Outward is a game that’s hard to describe because the playing experience is so much of the game. Reading about it, or looking it over, you see all the places where it shouldn’t work. Feature bloat, a high learning curve that never really stops curving, graphics that fail to impress by a wide margin, clunky looking mechanics, and a lack of anything defining to set it apart. Playing the game on the other hand, allows you to see firsthand how mechanics and features comes together effortlessly, how it allows the player to grow beyond number checks, and how everything that seemed so worn out is made new again.

Graphics: 5.0

While the landscape and effects are unimpressive at best, the character models are just plain bad. Interesting world and creature design helps, but this is simply not a good looking game.

Gameplay: 7.5

Outward is a collection of a myriad of systems that seem clunky and ill-fitting at first, but come together cohesively. Combat is varied and progression meaningful.

Sound: 9.0

The music is simply phenomenal.

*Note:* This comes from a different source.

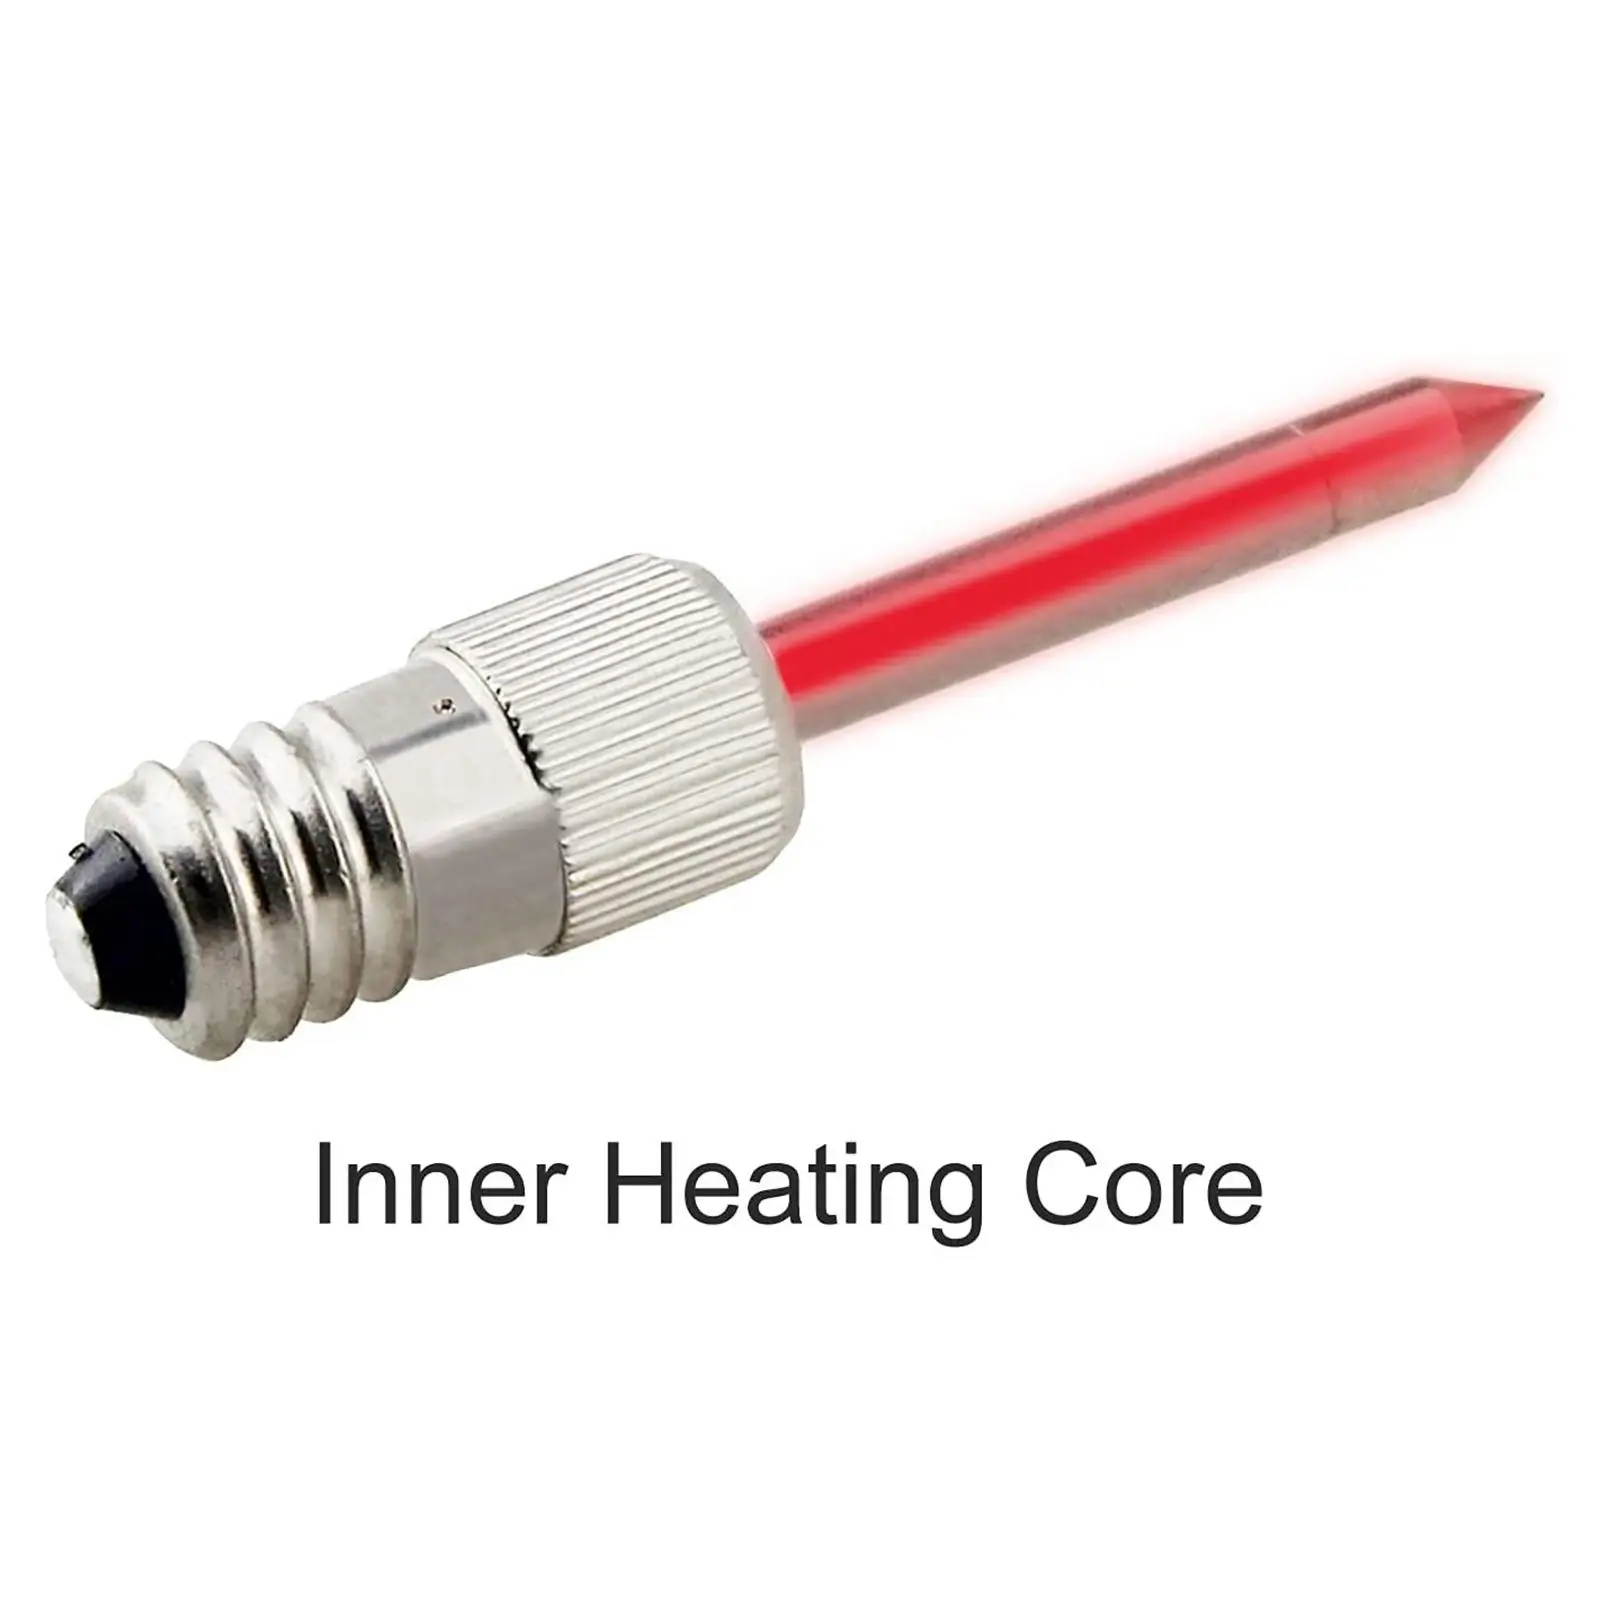 E10 Interface Soldering Iron Tip Removable Replacement Tips for Soldering Station

There’s both a large variety of tracks and perfect dynamic implementation to bring a dour world to life.

Fun Factor: 9.0

This is a game that truly tests you. Not just through combat difficulty, but through those things that only the best RPGS attempt. No matter how many times the game knocks you down, you always want to get back up.

Final Verdict: 7.5

Outward is available now on PS4, Xbox One, and Steam.

Reviewed on PS4.

A copy of Outward was provided by the publisher.